I lived 2 hours away (he used to come to me for weekends when we were together)

He is a capable and trustworthy parent. That was that. What house they are in is irreelvant.

MissCellania Mon 19-Nov-12 15:53:48

AThing, stop adding in info that isn't there. Barely knows him? They only split up a few months ago and has had contact since, of course she knows him.

Viviennemary Mon 19-Nov-12 15:55:29

Well I probably wouldn't like it myself. But on the other hand if you both have equal rights as parents I can't see why not.

mrsscoob Mon 19-Nov-12 15:57:44

In an ideal world it would be fine if people could be equal parents but if one parent is putting their own needs before the child and just saying "I'm an equal,parent it's my right" then that is wrong and sadly I guess it's up to the other parent to put their foot down. Say no. If he is that bothered he will take you to court, from what you have said he probably won't do that anyway and well if he does by the time it gets to court and IF a judge rules in his favour she will be older nd it won't be such an issue.
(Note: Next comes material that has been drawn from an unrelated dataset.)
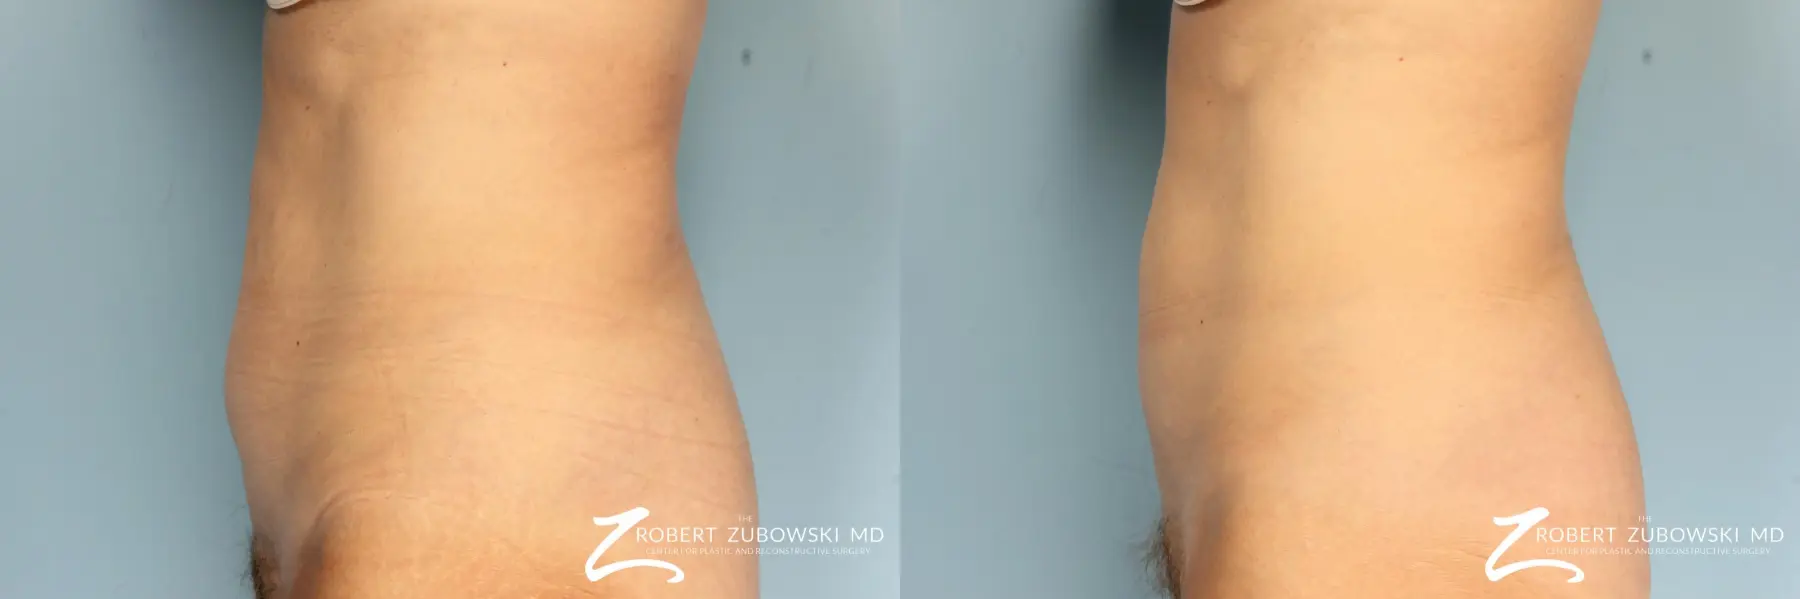 CoolSculpting®: Patient 3 - Before and After 2

AThingInYourLife Mon 19-Nov-12 15:57:58

"In the time since split he has seen dd every 2-3 weeks although has gone 4 weeks without seeing her at times."

"Also, I can't stress enough that he is nowhere near a hands-on dad. He won't even change nappies and as soon as dd starts saying "no" to him, he can't handle it."

That's the "equal parent" of a drunk who uses the TV as a babysitter.

lubeybooby Mon 19-Nov-12 16:01:05

It's never easy to let go of full control. But unless he has a history of absent mindledly leaving her in the middle of railway lines, or locking her in a cupboard and going out clubbing, the best thing for her is to see her dad.

It might not be the best the OP can offer care wise, but it's still for the best. He might not be perfect, but none of us are and we wouldn't want our exes breathing down our necks banning things and judging all the time.

During his contact with the child, he doesn't need permission to go anywhere or see anyone.

If this was OP with the genders reversed everyone would be saying the same as me.

lubeybooby Mon 19-Nov-12 16:02:46

Re: 'not able to handle it won't change nappies blah blah' has he ever tried without the OP standing over him and the child playing the 'I want mummy' card?

It's likely to be very different without OP around and when he has space to actually parent.